AxelPolleres: to @ivan: if it covers more but should be the same, is it a requirement that the single mapping produces more triples?

<ericstephan> @Axel I wonder if the IBM work related to DFDL and Daffodil annotating data as XML document...

gkellogg: There are advantages to looking at RDF mappings. Serialising RDF to JSON-LD gives you a JSON result. There is a spec for doing that. Looking at simple mapping — it now does provide the RDF tools to turn the graph into something more structured using SPARQL

<Zakim> gkellogg, you wanted to comment on JSON-LD from RDF with Framing

<AxelPolleres> what I meant to say is, wouldn’t it make sense to require that the “simple CSV to RDF” mapping is a *superset* (in terms of resulting triples) of “CSV->SQL->RDB2RDF direct mapping”?

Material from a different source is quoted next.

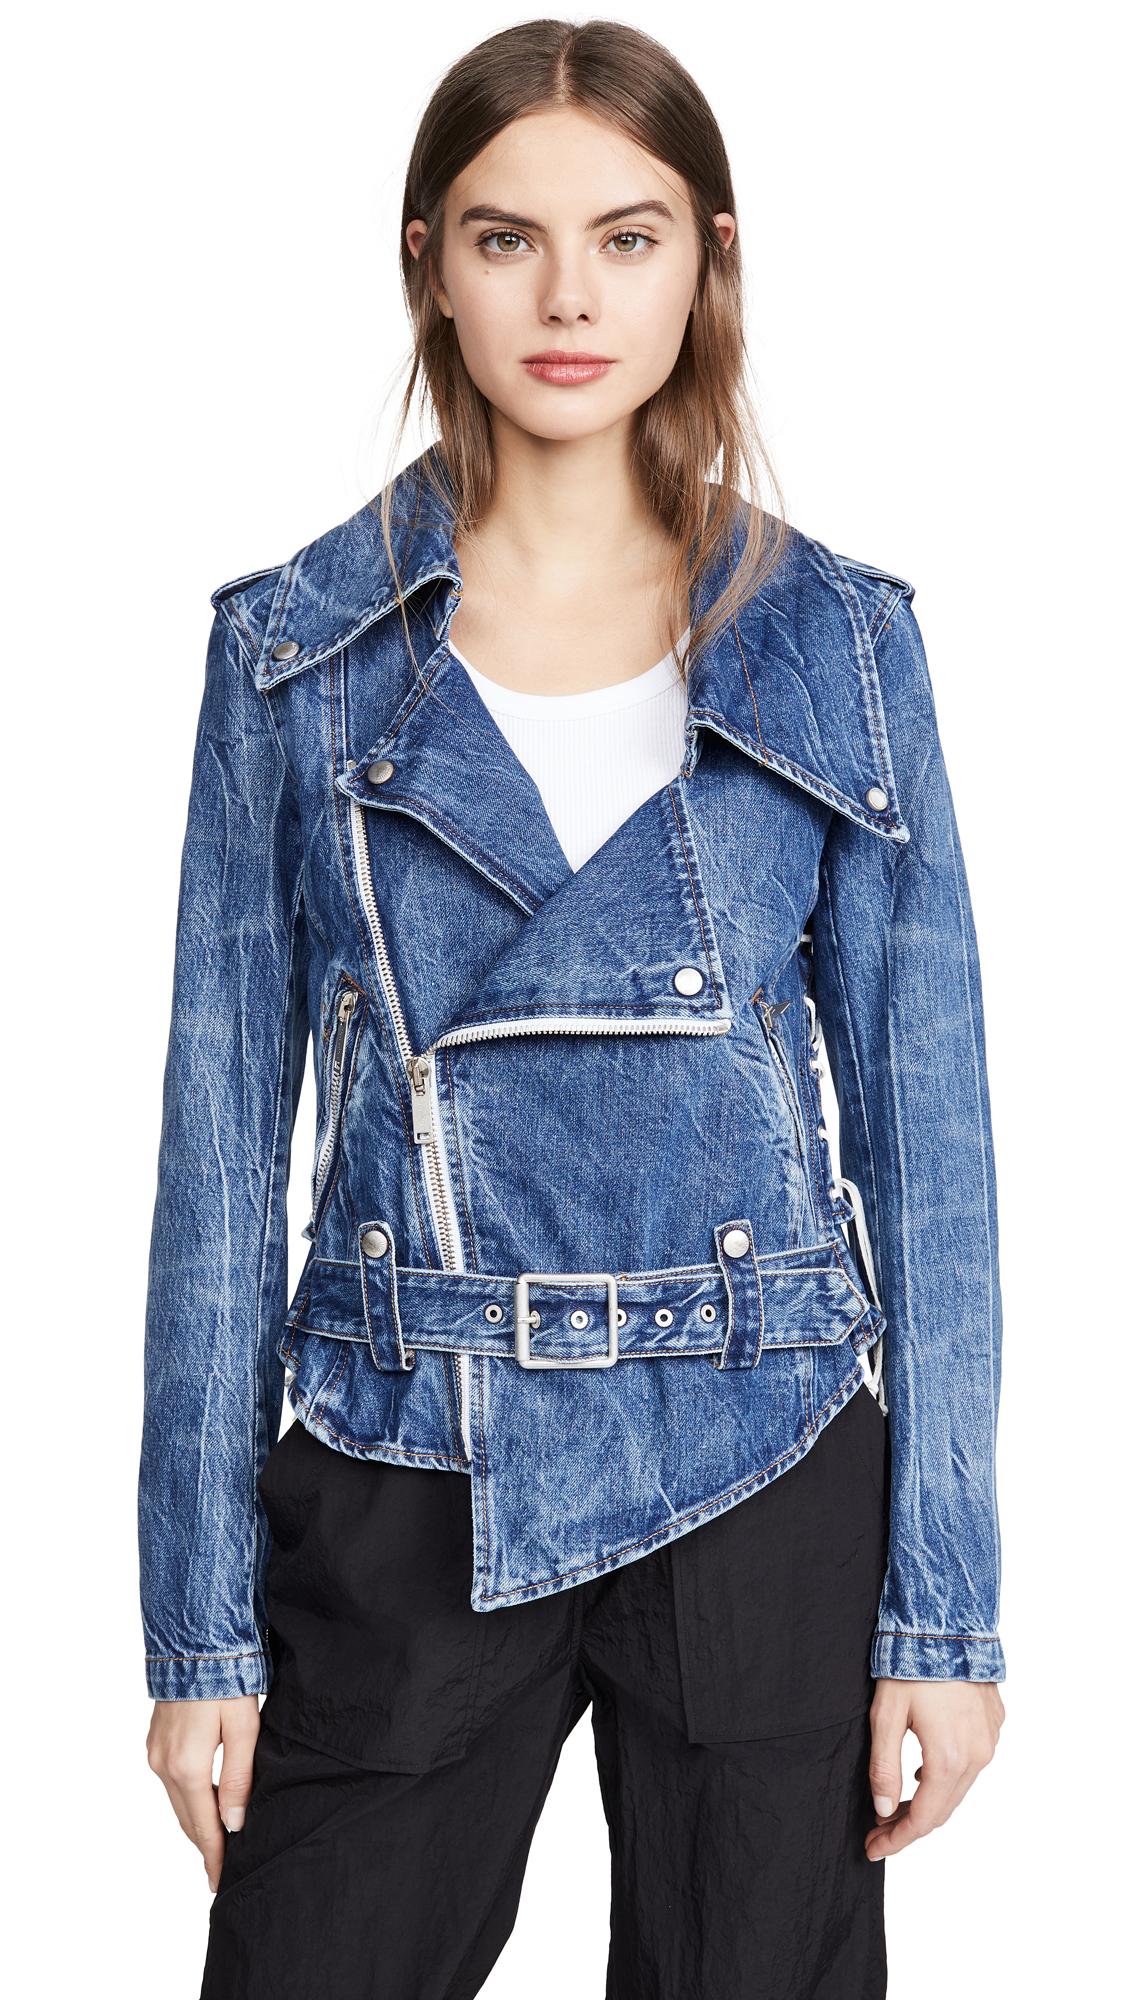 Buy Unravel Project Vinta Chaos Denim Jacket online beautiful Unravel Project Jackets, Coats, Coats

ivan: Yes. Conceptually, I was wondering about the same thing. But as an implementer only interested in JSON: this is a long and torturous road. It might be a deal-breaker.

<JeniT> +1 to ivan

ivan: Having a separate document that shows what you get in JSON and making it as close as possible to JSON-LD — as ericP said, there should be no major difference between the direct mapping and the simple mapping —
... If there are differences because JSON requires something different then we have to accept that.

gkellogg: We need to include people comfortable with these technologies.

ivan: I disagree. People who don't know anything about RDF — they just want it in JSON. There are loads of people there

hadleybeeman: I agree with that

<ericstephan> +1 Ivan

ivan: Even as an RDF person — this is a painful reality.

danbri: We have a spectrum of enthusiasm for RDF.
... We need to mush these interests together. With Schema.org and Microdata (designed to be super simple for publishers) — even those were too complex
... These developers aren't thinking in terms of triples or graphs.
... Saying RDF is the answer because you can serialise to RDFXML — long histories of failings here. Let's not spend the next 10 years doing the same with JSON

ErikMannens: What's wrong with profiles? Simple profiles? More extended profiles?

<phila> XML is not fading away - its use is growing. Honestly (Liam assures us)

ivan: The simple mapping to RDF is there. The definition is strictly done on the conceptual level in RDF. If someone wants to go that route and get JSON-LD, it's fine.
... If they do that, or do direct JSON, the two things should be close. But we don't talk about that. The document should be readable for someone in that context.
... The context is a good example. If you serialise the result of the RDF mapping into JSON-LD, then you will have all those things there. But if you serialise directly in JSON, you will not.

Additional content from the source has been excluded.